The best investors can typically do to combine the two is to buy a fund such as the Schwab U.S. Dividend Equity ETF (SCHD), which gives investors a 3.54% dividend yield at present alongside average annualized dividend growth of ~10%. While this is a pretty attractive investment proposition and has delivered attractive long-term wealth and passive income compounding for investors, a 3.5% yield at the moment is hardly high yield.
However, right now - thanks to the market's uncertainty about where interest rates and political winds are headed - investors can buy several high yield, high growth stocks that are backed by very stable, defensive cash flows. Given that this opportunity could vanish rapidly, we are buying these stocks hand-over-fist while we still can:
High-Yield High-Growth Stock #1: NextEra Energy Partners Stock (NEP)

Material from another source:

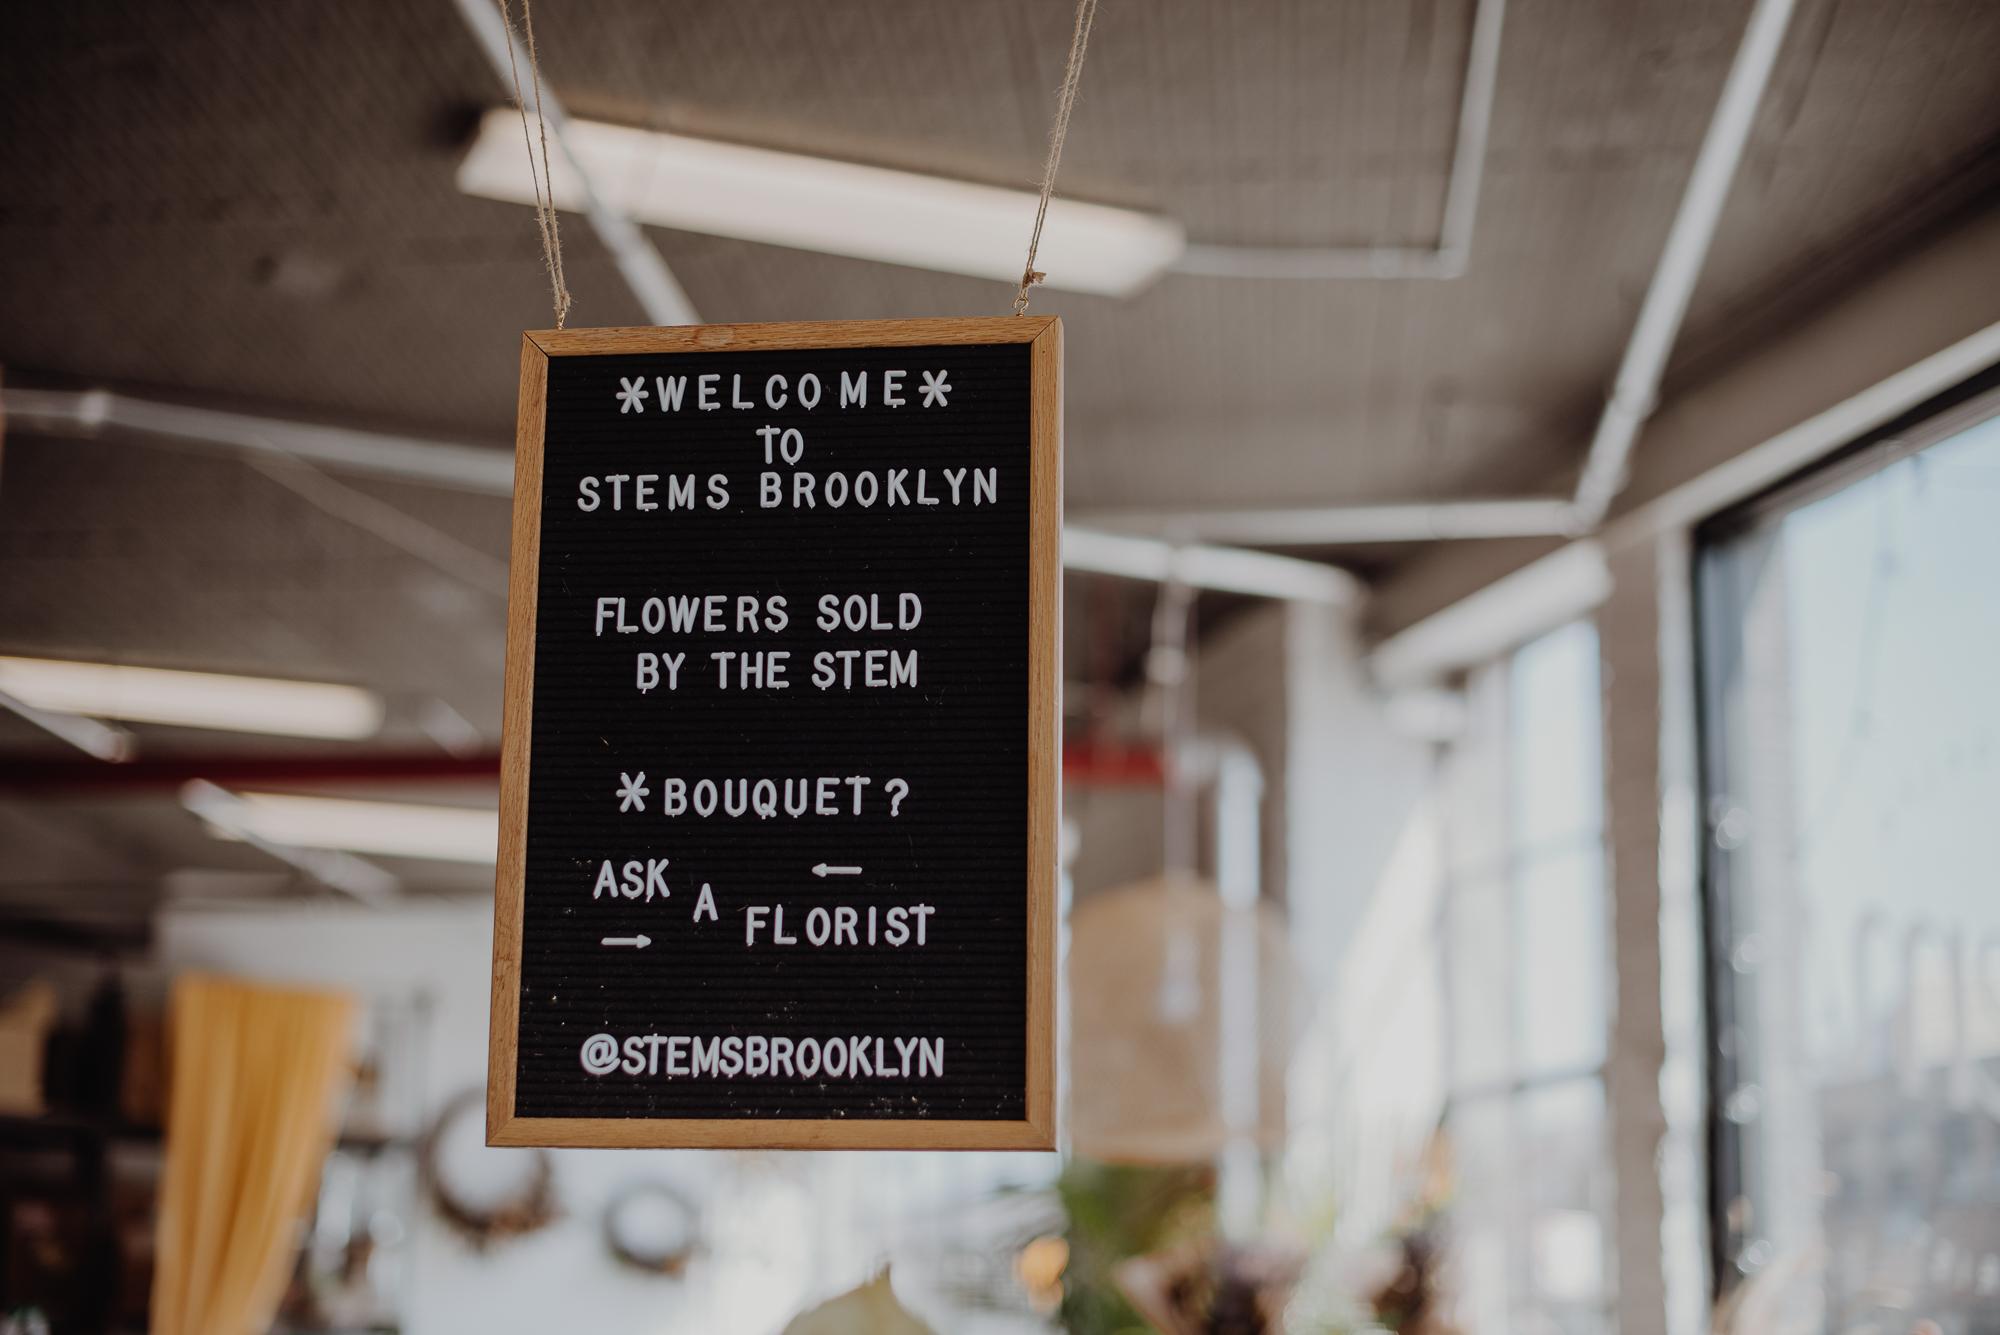 Stems Brooklyn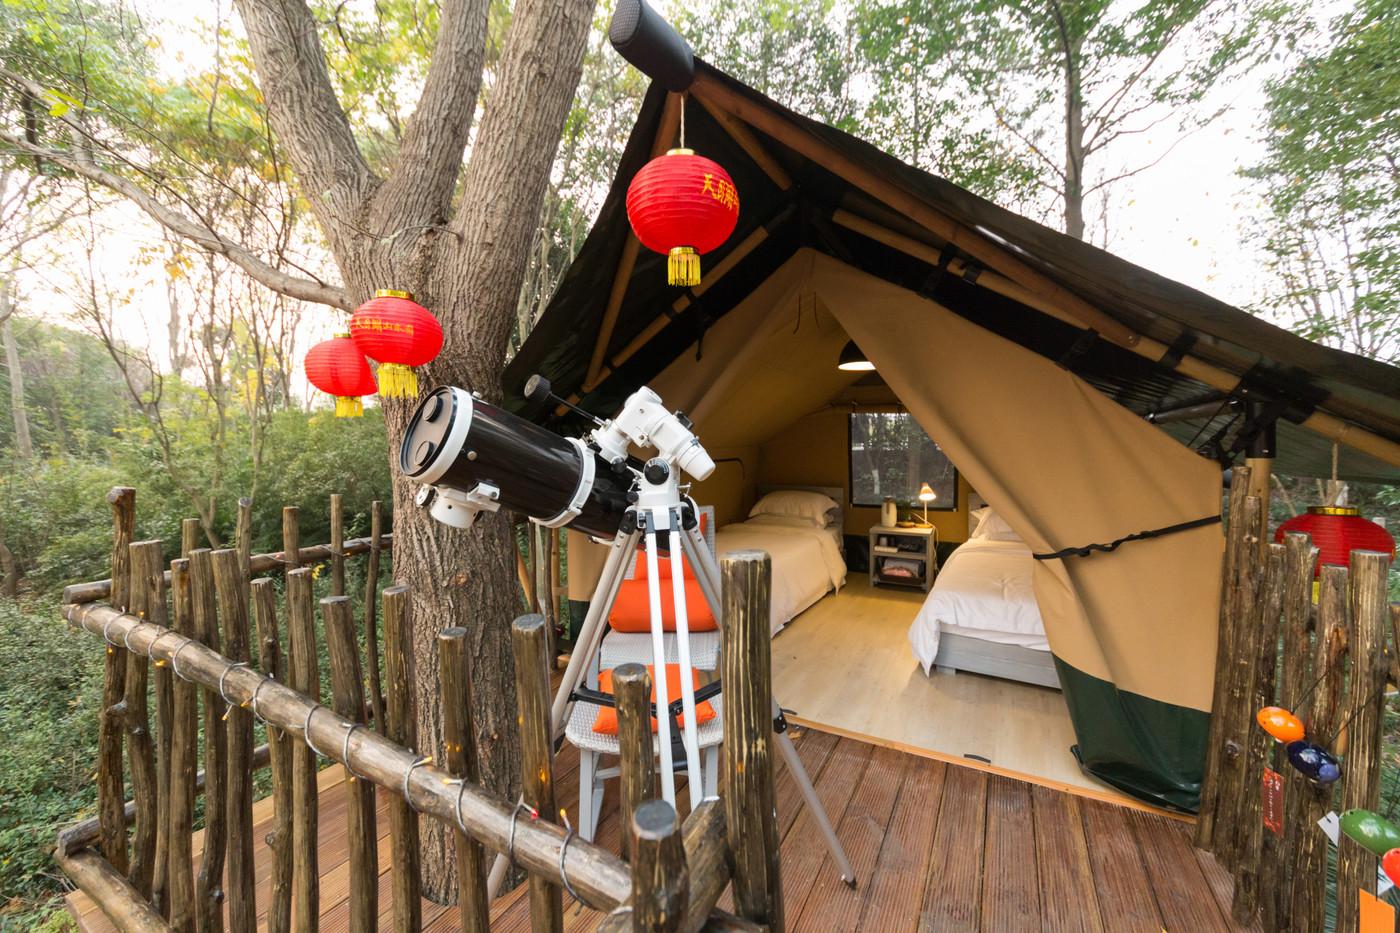 喜马拉雅野奢帐篷酒店—江苏常州天目湖树屋帐篷酒店12

NEP stock has taken a beating over the past 10 months as concerns over rising interest rates and how management would navigate its substantial upcoming convertible equity portfolio financings ("CEPF") obligations have weighed heavily on the stock:
As a result, the NTM distribution yield has soared to 6.1%, up significantly from its five year average yield of 4.26%. Moreover, management has reaffirmed its commitment to achieving a 12%+ distribution per unit CAGR through 2026 thanks to its recapitalization and portfolio simplification plan:
- Sell its natural gas pipeline assets to generate proceeds to fully fund its upcoming CEFP obligations and provide equity capital alongside its retained cash flows to fund its growth projects and acquisitions. It therefore will not have to raise common equity if it does not want to (though it likely will if the stock price is attractive enough) and will still be able to achieve its growth objectives.
- Its IDR fees to its parent NextEra Energy (NEE) have been suspended effective immediately through 2026 (and potentially beyond) in order to offset the cash flows that will be lost from selling its pipeline assets.

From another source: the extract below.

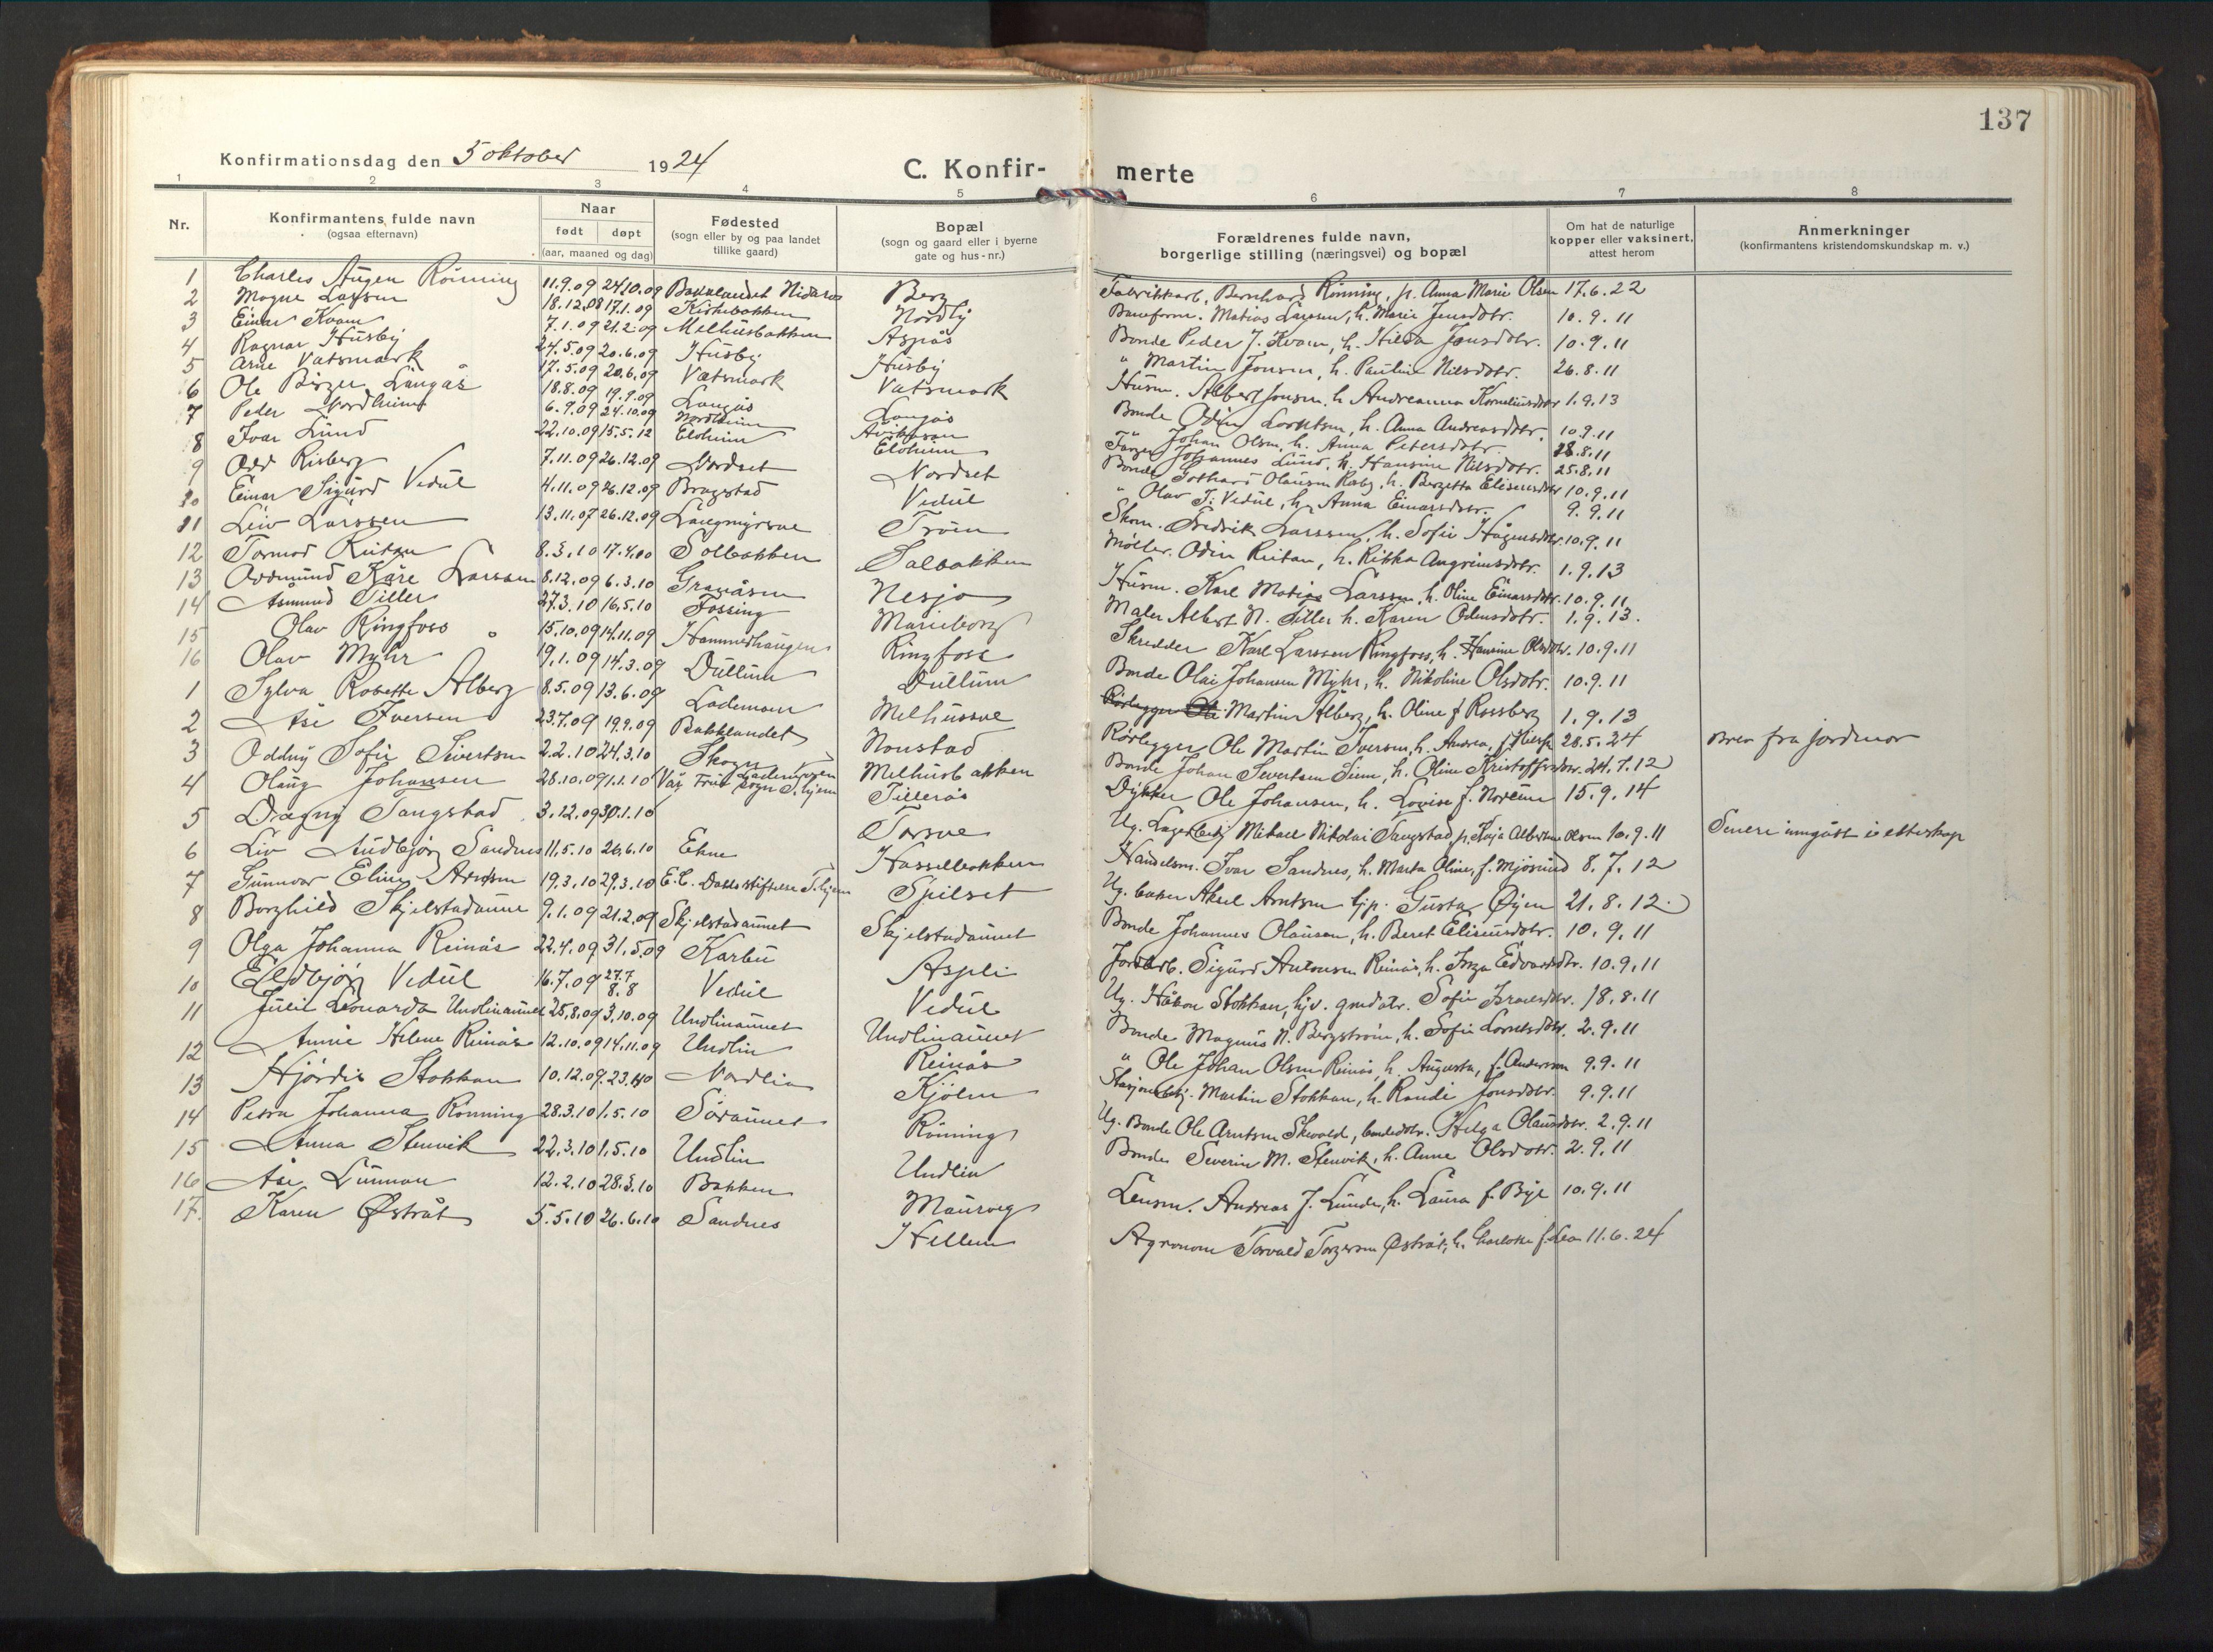 SAT, Ministerialprotokoller, klokkerbøker og fødselsregistre - Nord-Trøndelag, 714/L0136: Klokkerbok nr. 714C05, 1918-1957, s. 137

When combined with its well-diversified portfolio of U.S.-based renewable energy production assets (primarily wind and solar power generation facilities) with long-term power purchase agreements, support from its A-rated parent NEE (which also has a large equity stake in NEP), and the strong growth runway provided by drop down acquisitions from Energy Resources, the risk-adjusted total return profile at NEP is very appealing. It is extremely rare to find a stock with a 6%+ yield that is expected to grow at a double digit CAGR for the foreseeable future with the defensive characteristics that NEP enjoys.
High-Yield High-Growth Stock #2: Clearway Energy Stock (CWEN)(CWEN.A)
CWEN.A is another renewable energy producer that has taken a beating in recent months over cost of capital concerns:
As a result, its NTM dividend yield has reached a similar level of 6.1%, which is well above its five year average of 5.09%.
Moreover, like NEP, CWEN.A's management has reaffirmed its commitment to delivering very attractive dividend per share growth for the next several years. In this case, CWEN.A's management expects to deliver a 7-8% dividend per share CAGR through 2026. When combined with the 6.1% current yield, the total return looks quite appealing.
While CWEN.A's total return potential is not quite as attractive as NEP's (assuming each achieves management's guidance), CWEN.A has a bit lower risk for the following reasons:
- It faces less execution risk as NEP still has yet to sell its pipeline assets. In contrast, CWEN.A recently sold its thermal energy assets at an attractive valuation. This gave it ~$1.35 billion in net equity proceeds to reinvest in its growth pipeline. As a result, it has no external equity needs to fund its committed growth and next dropdowns since it can fully fund these projects with retained cash flow alongside its thermal divestiture proceeds. Moreover, it can opportunistically tap bond markets thanks to its over $550 million in available capacity on its revolving credit facility. This enables management to state on its latest investor presentation: "No external equity needed to meet DPS growth objectives through 2026 given Thermal proceeds/retained CAFD."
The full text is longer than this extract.